**Supplied material:**
*** Block opens ***
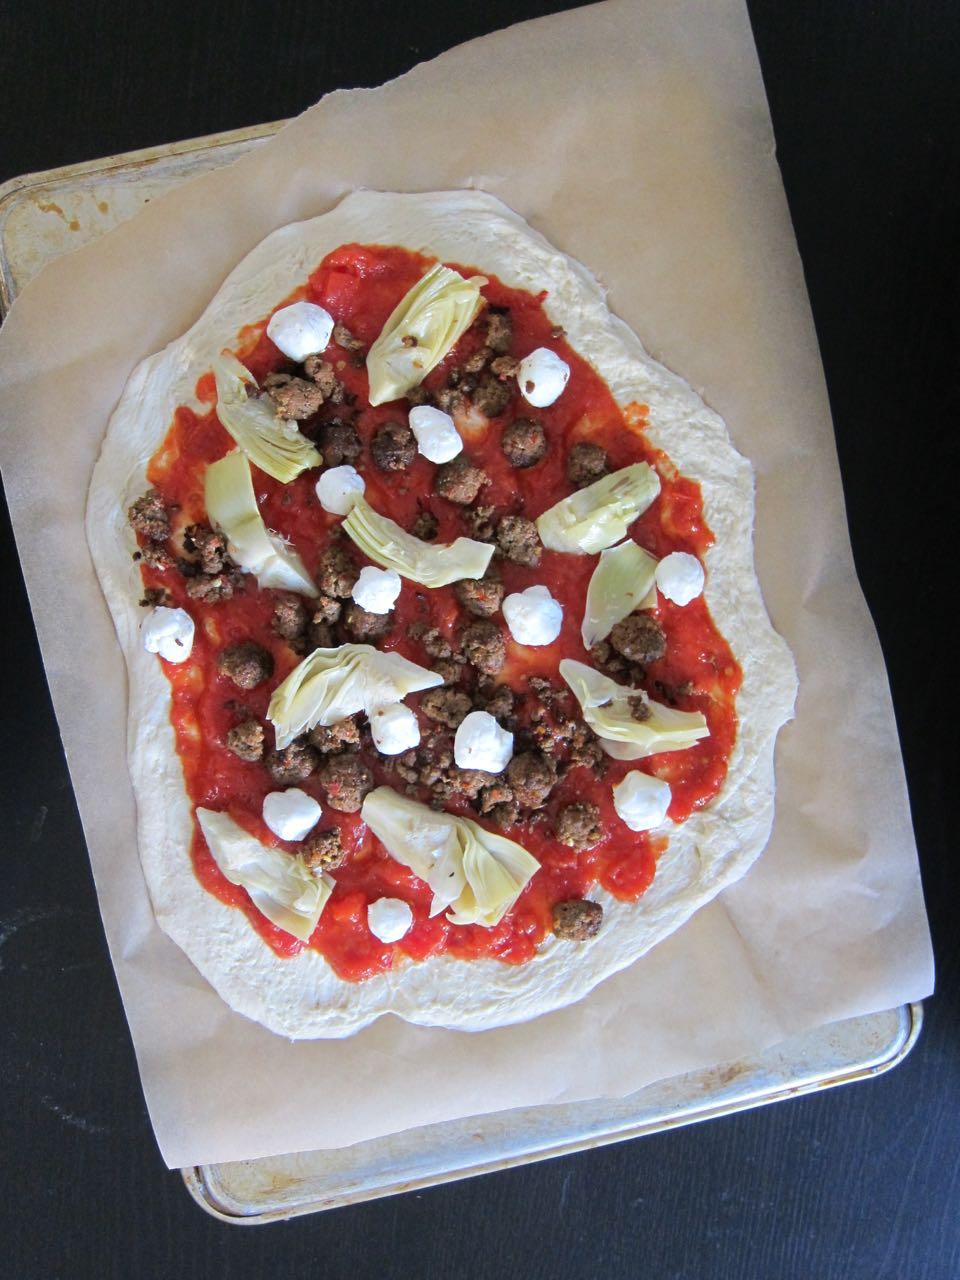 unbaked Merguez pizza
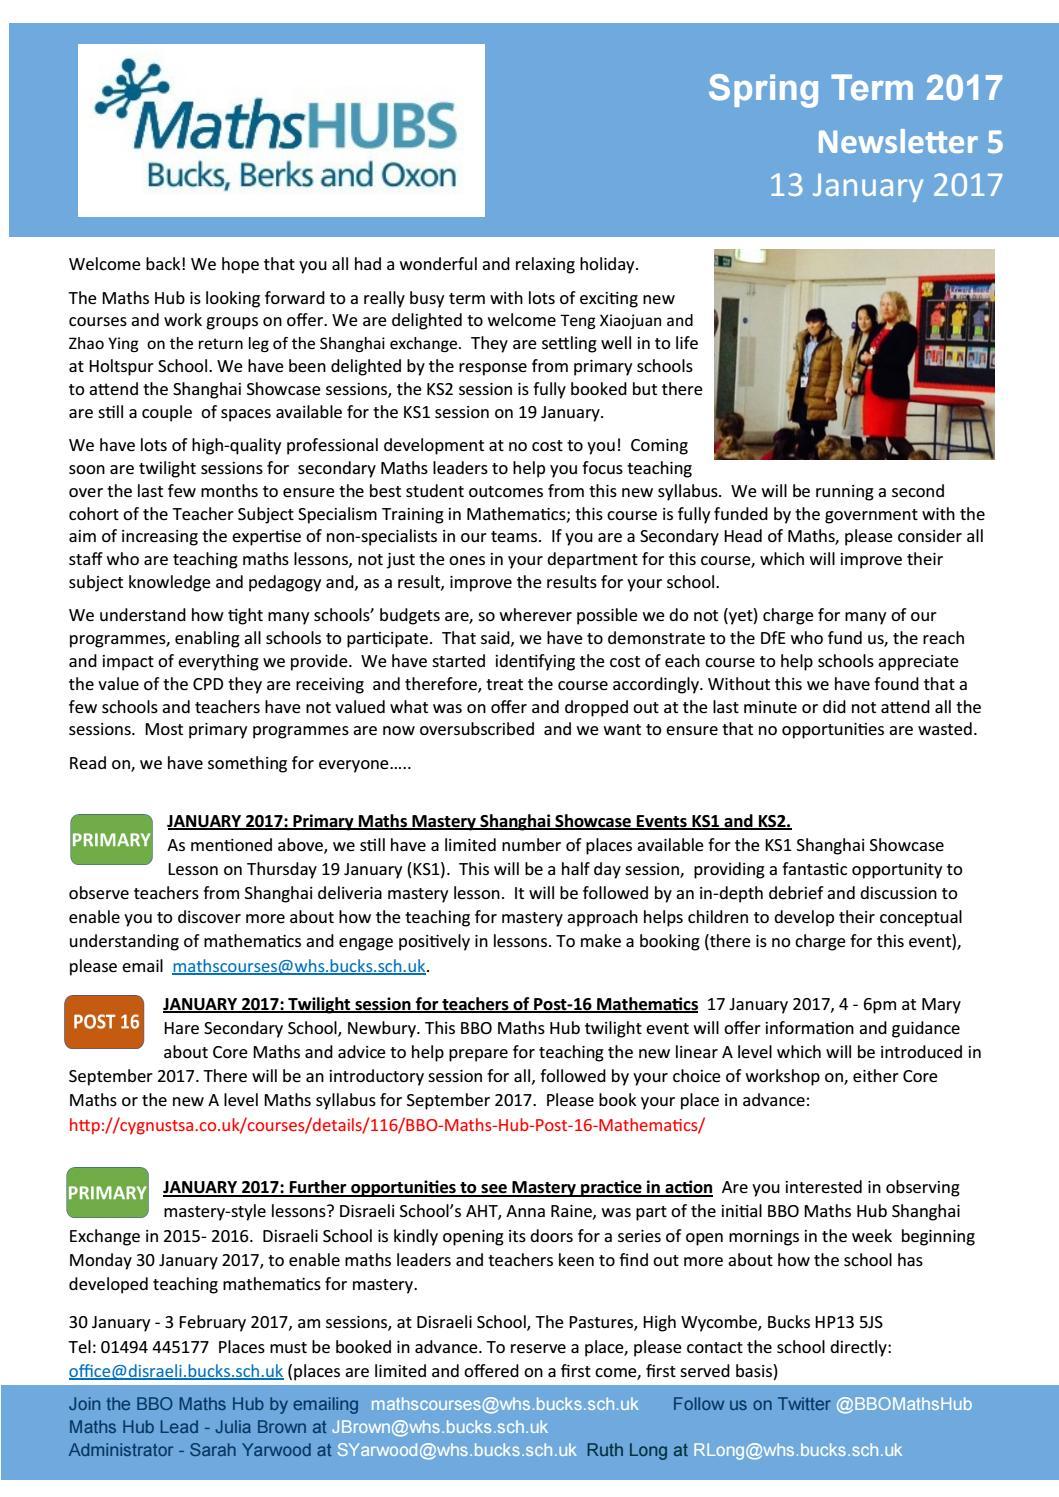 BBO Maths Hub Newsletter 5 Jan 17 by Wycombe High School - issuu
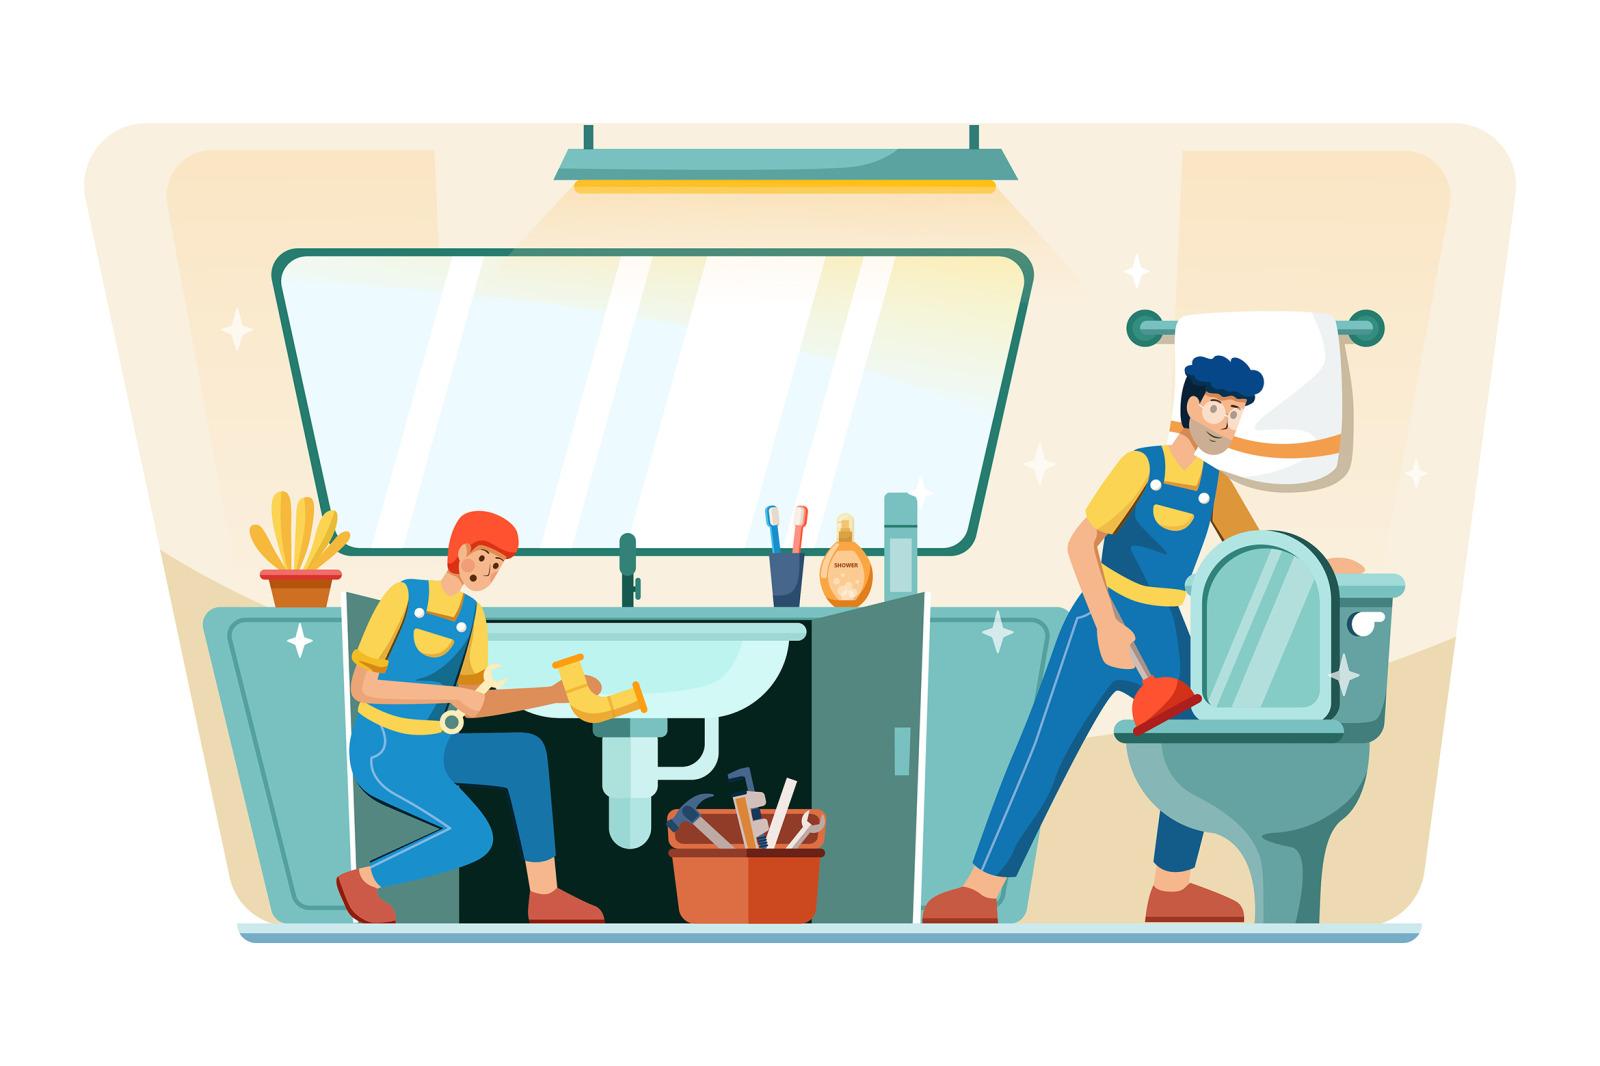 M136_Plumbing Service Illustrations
*** Block closes ***
**What is needed:** Leave the pictures out and print the whole listing precisely.

**Response below:**
 unbaked Merguez pizza
 BBO Maths Hub Newsletter 5 Jan 17 by Wycombe High School - issuu
 M136_Plumbing Service Illustrations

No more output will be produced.